- _Provided data_:

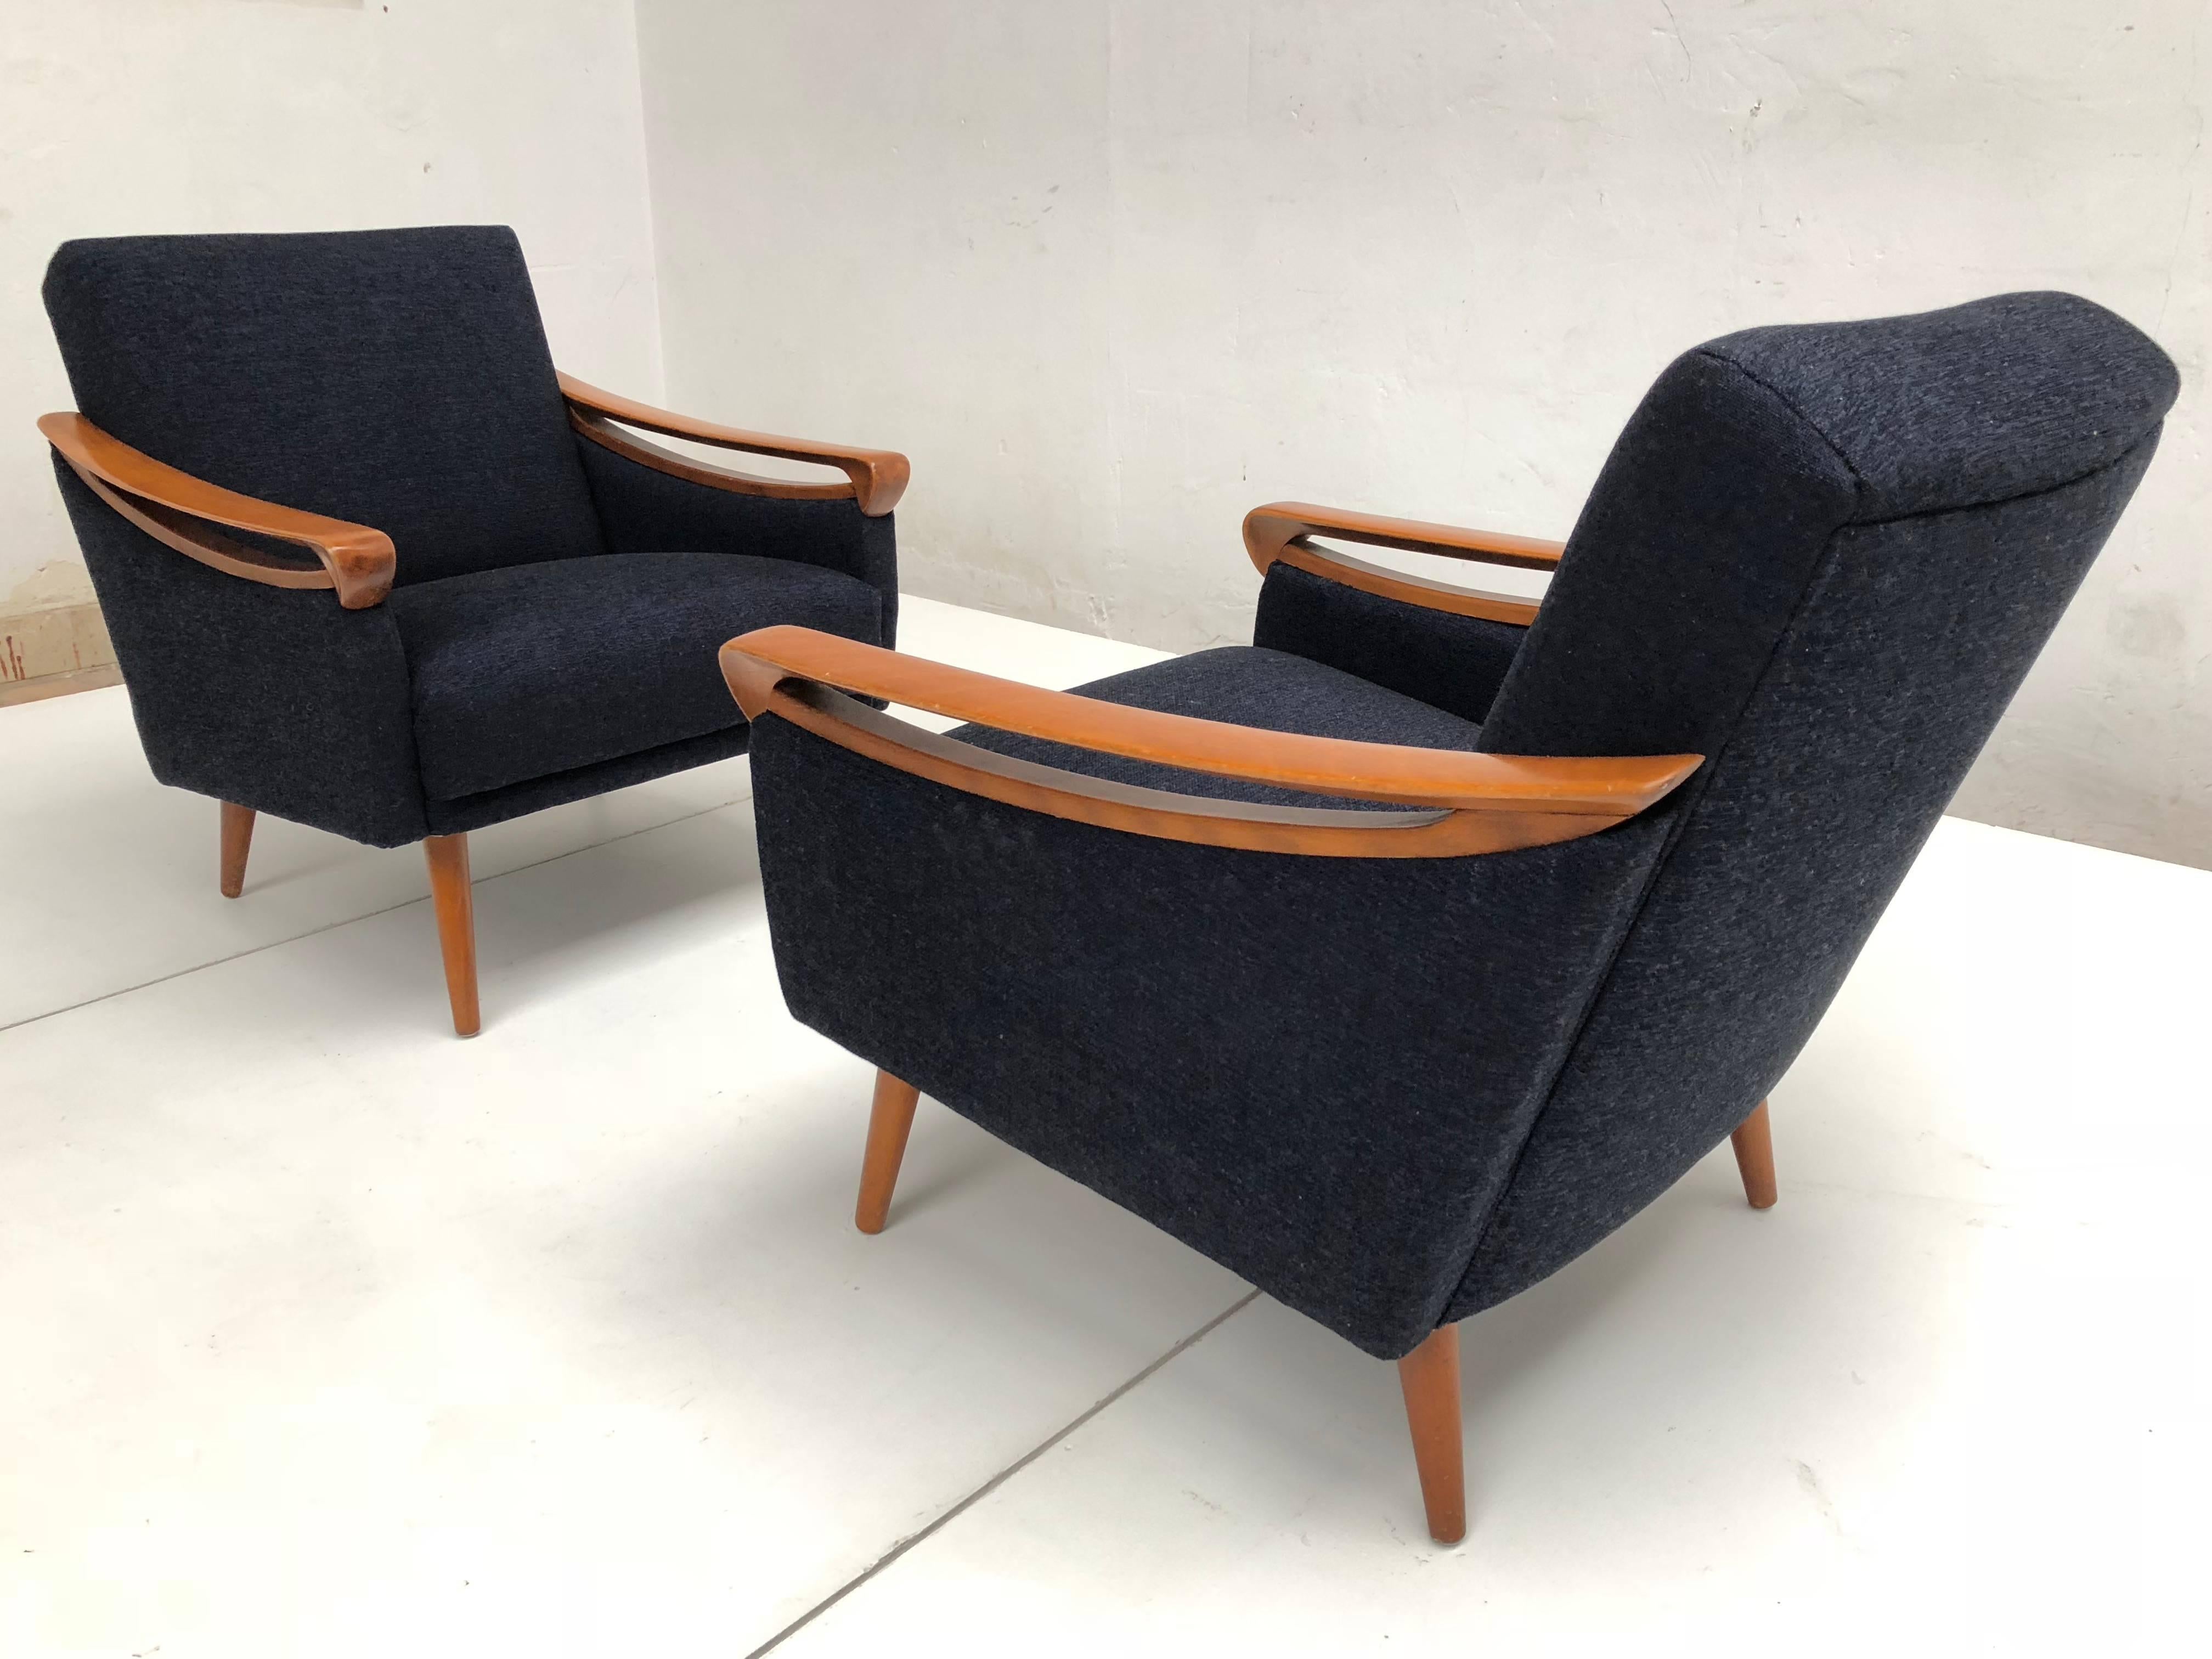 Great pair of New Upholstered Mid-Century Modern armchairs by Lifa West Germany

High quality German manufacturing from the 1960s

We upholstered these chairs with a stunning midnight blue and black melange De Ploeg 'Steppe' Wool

- _Work instructions_: Set down the material above as is, without any pictures.

- _Task answer_:
 Great pair of New Upholstered Mid-Century Modern armchairs by Lifa West Germany

High quality German manufacturing from the 1960s

We upholstered these chairs with a stunning midnight blue and black melange De Ploeg 'Steppe' Wool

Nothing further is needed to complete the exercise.